# EXERCISE AIM
From the records below, please print only the lines from the one containing "There S Nothing" through the one containing "(c) Cameleon-prod.com", both included. Skip the pictures.

# SOURCE MATERIAL
►

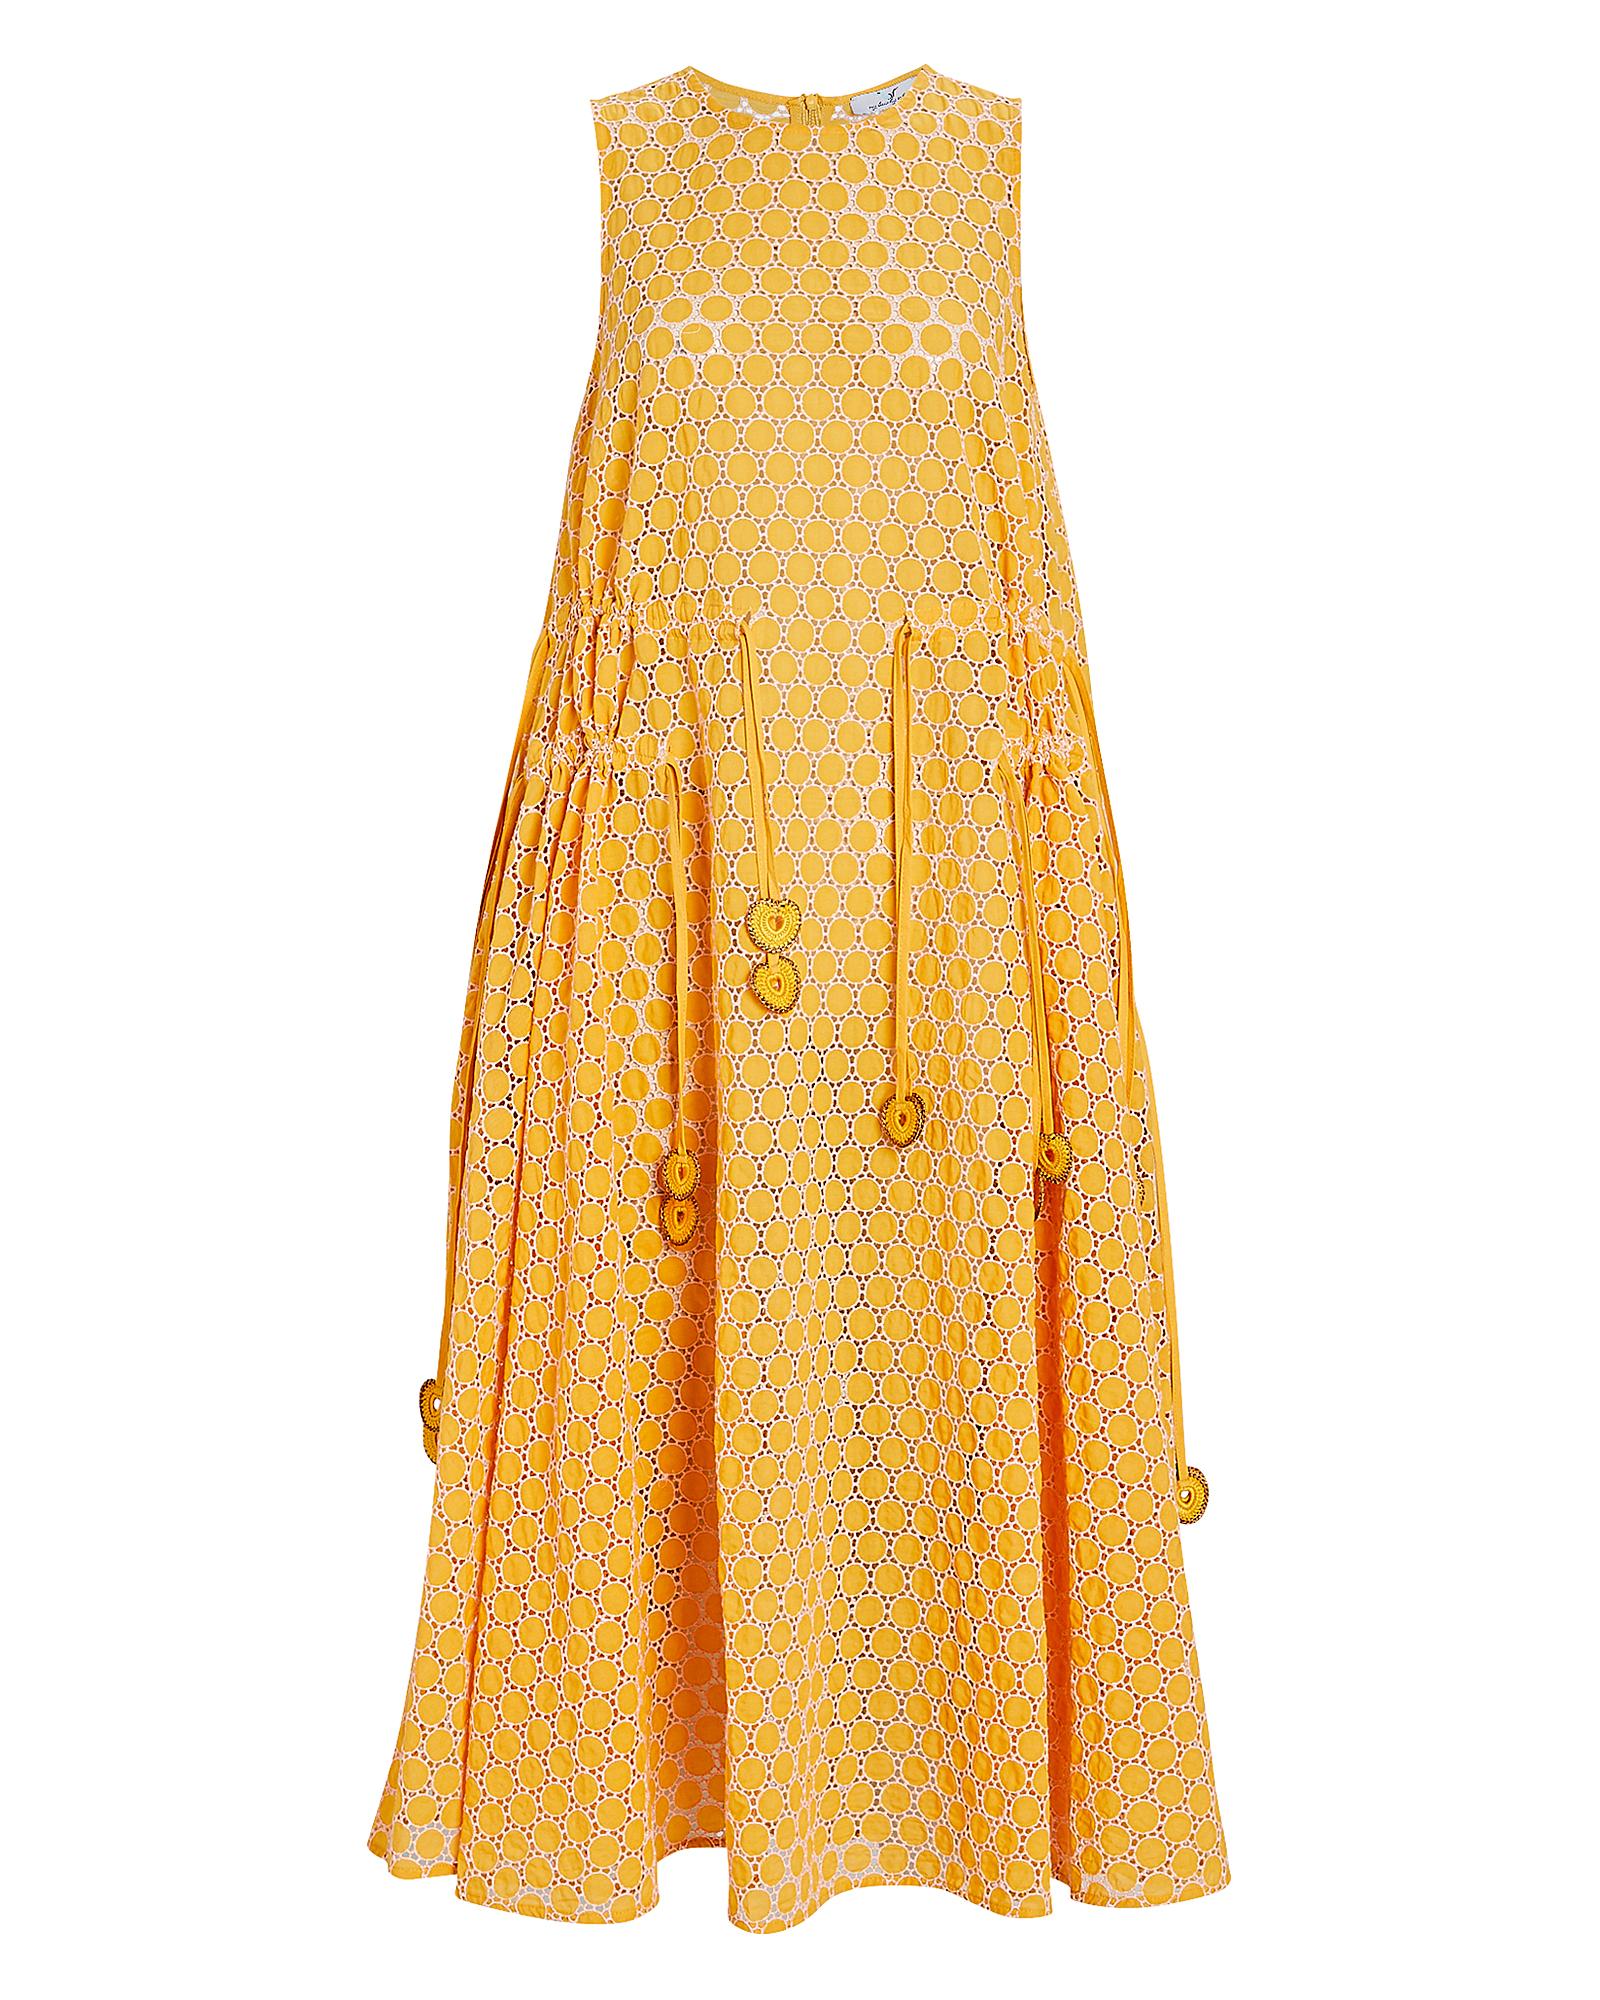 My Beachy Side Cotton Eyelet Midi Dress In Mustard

◄
►

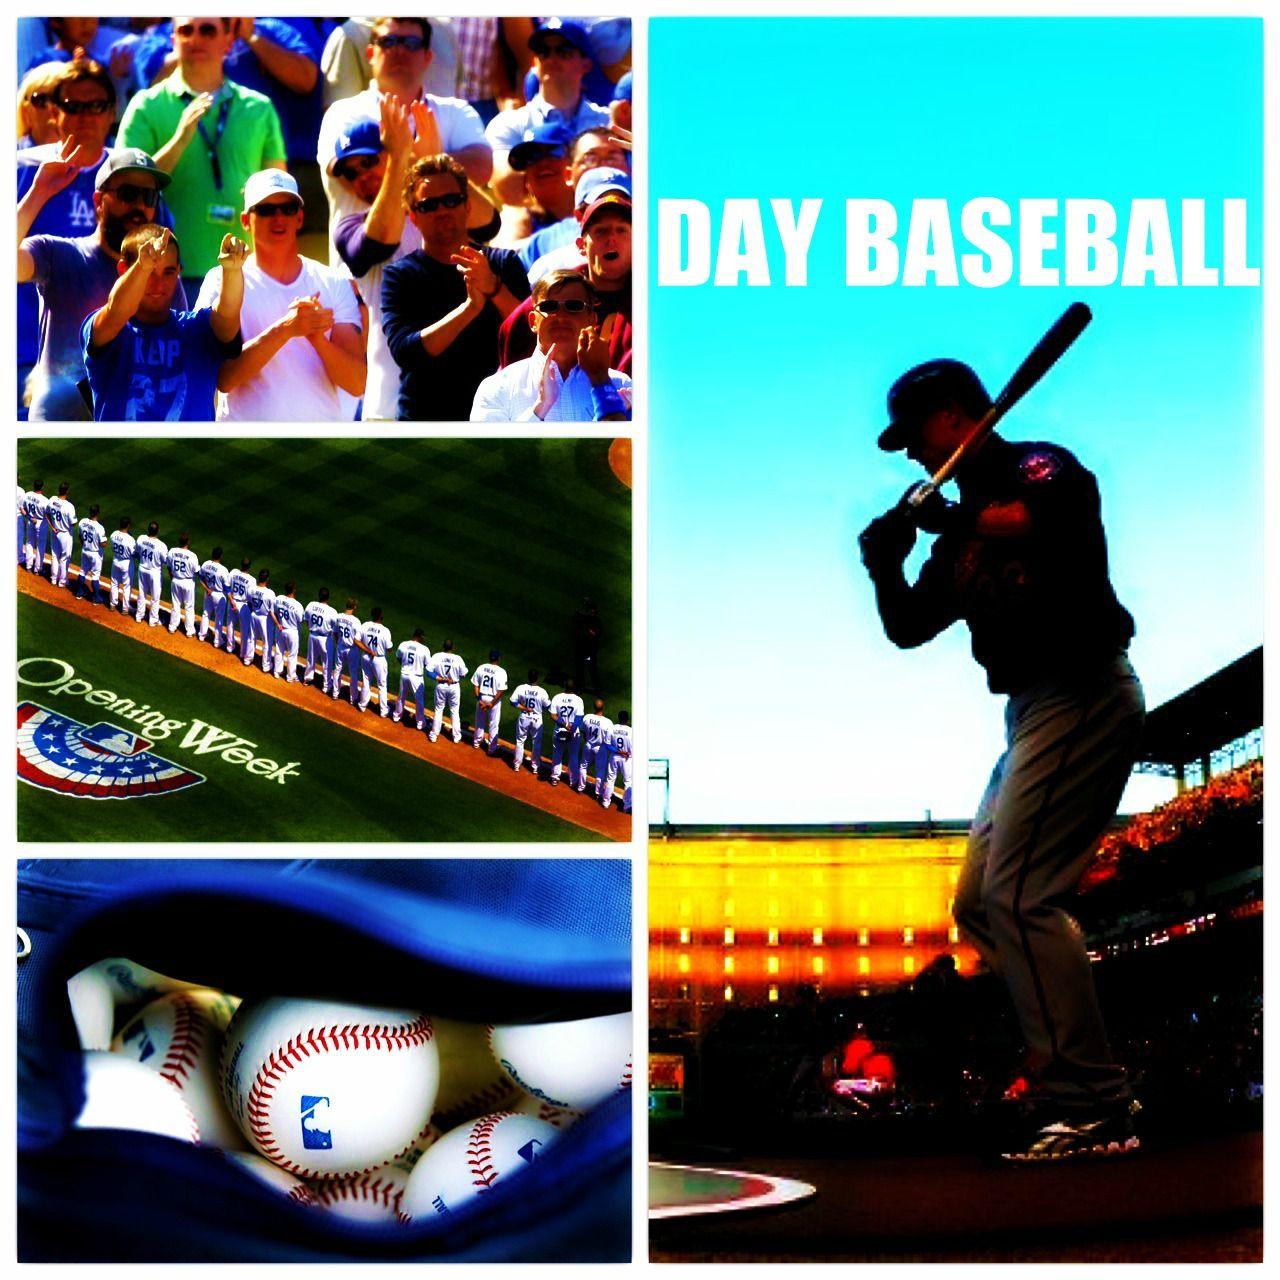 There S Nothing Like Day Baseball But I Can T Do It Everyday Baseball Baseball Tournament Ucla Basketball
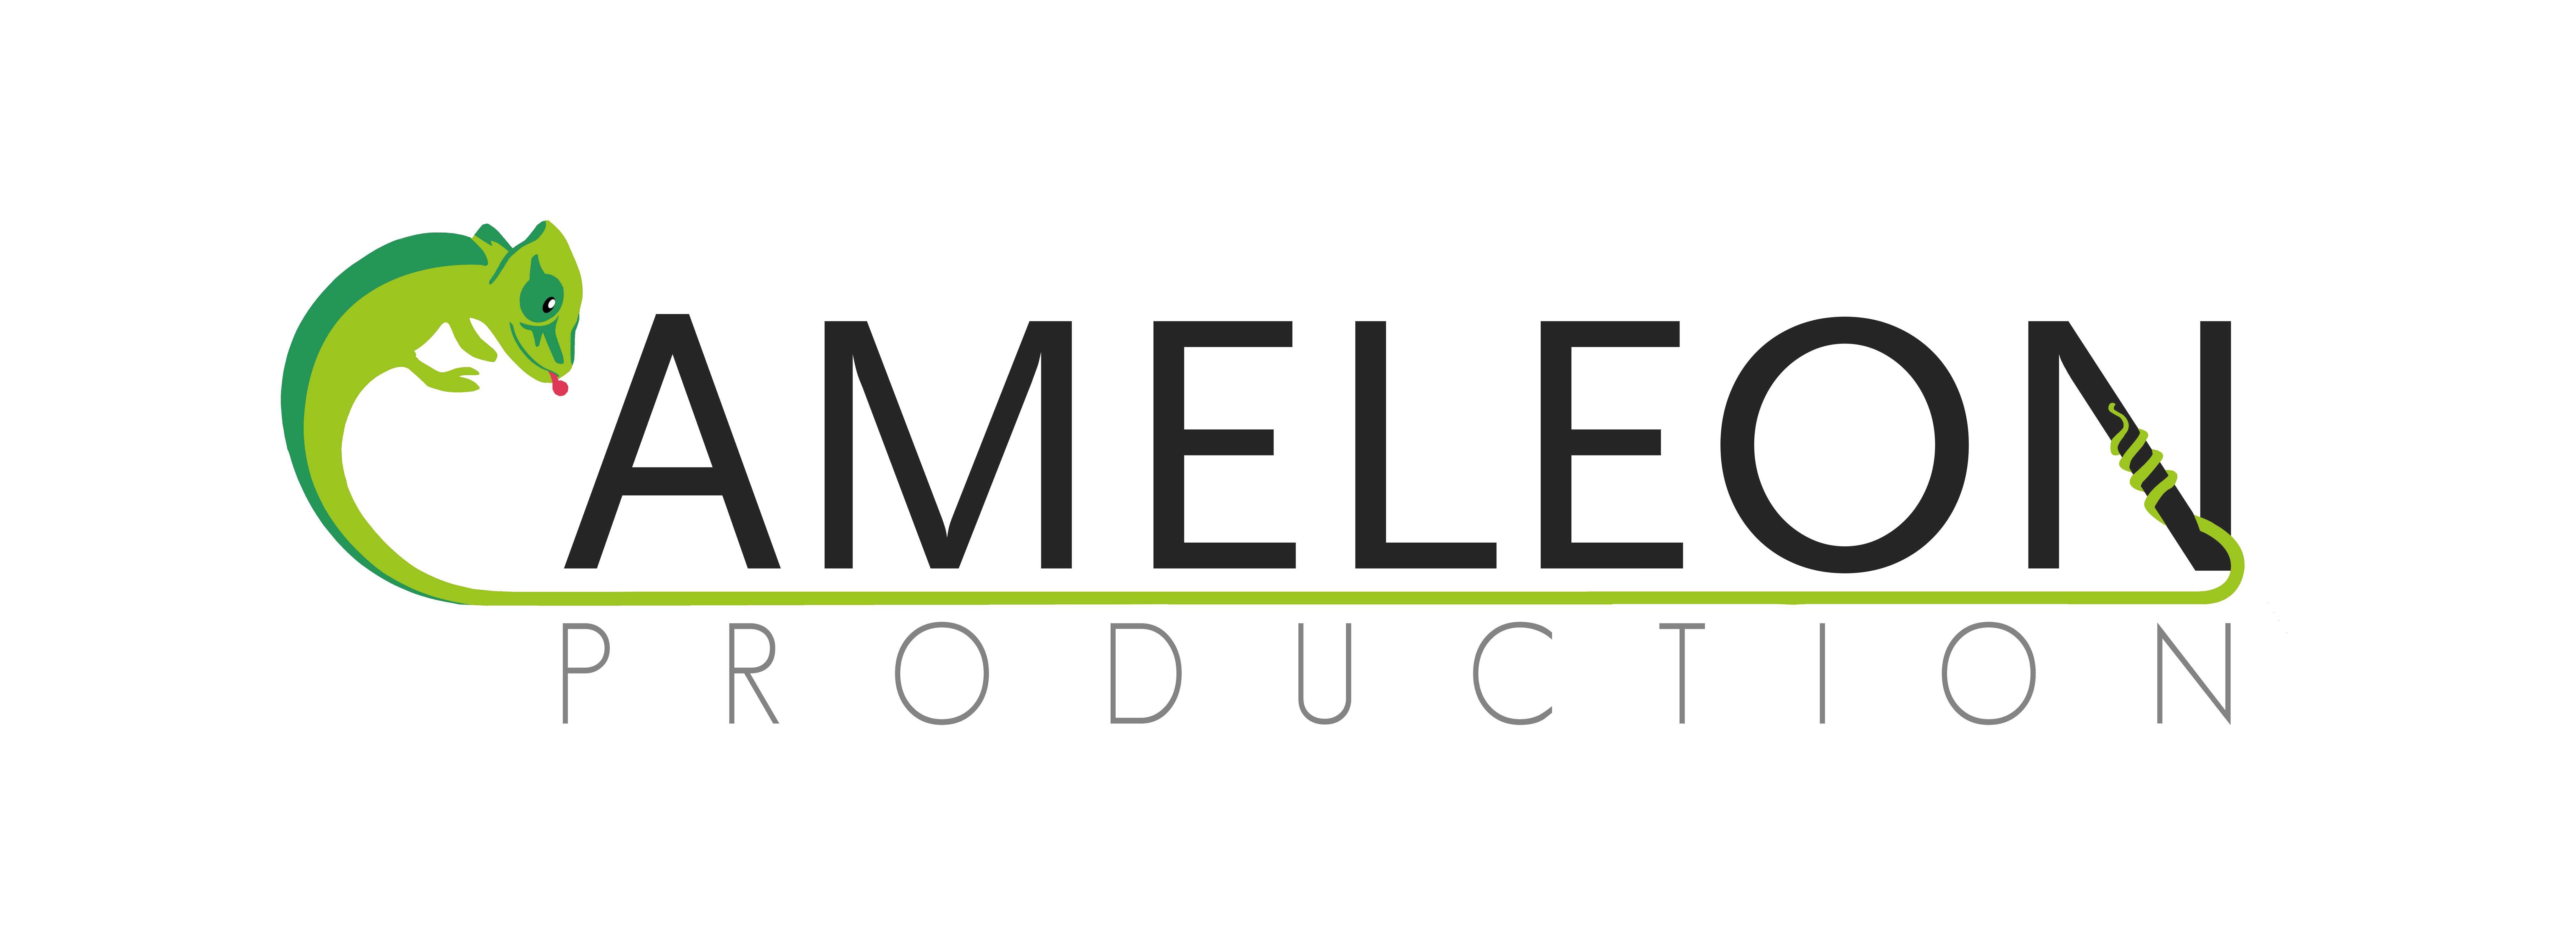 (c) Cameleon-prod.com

◄

# RESPONSE BELOW
 There S Nothing Like Day Baseball But I Can T Do It Everyday Baseball Baseball Tournament Ucla Basketball
 (c) Cameleon-prod.com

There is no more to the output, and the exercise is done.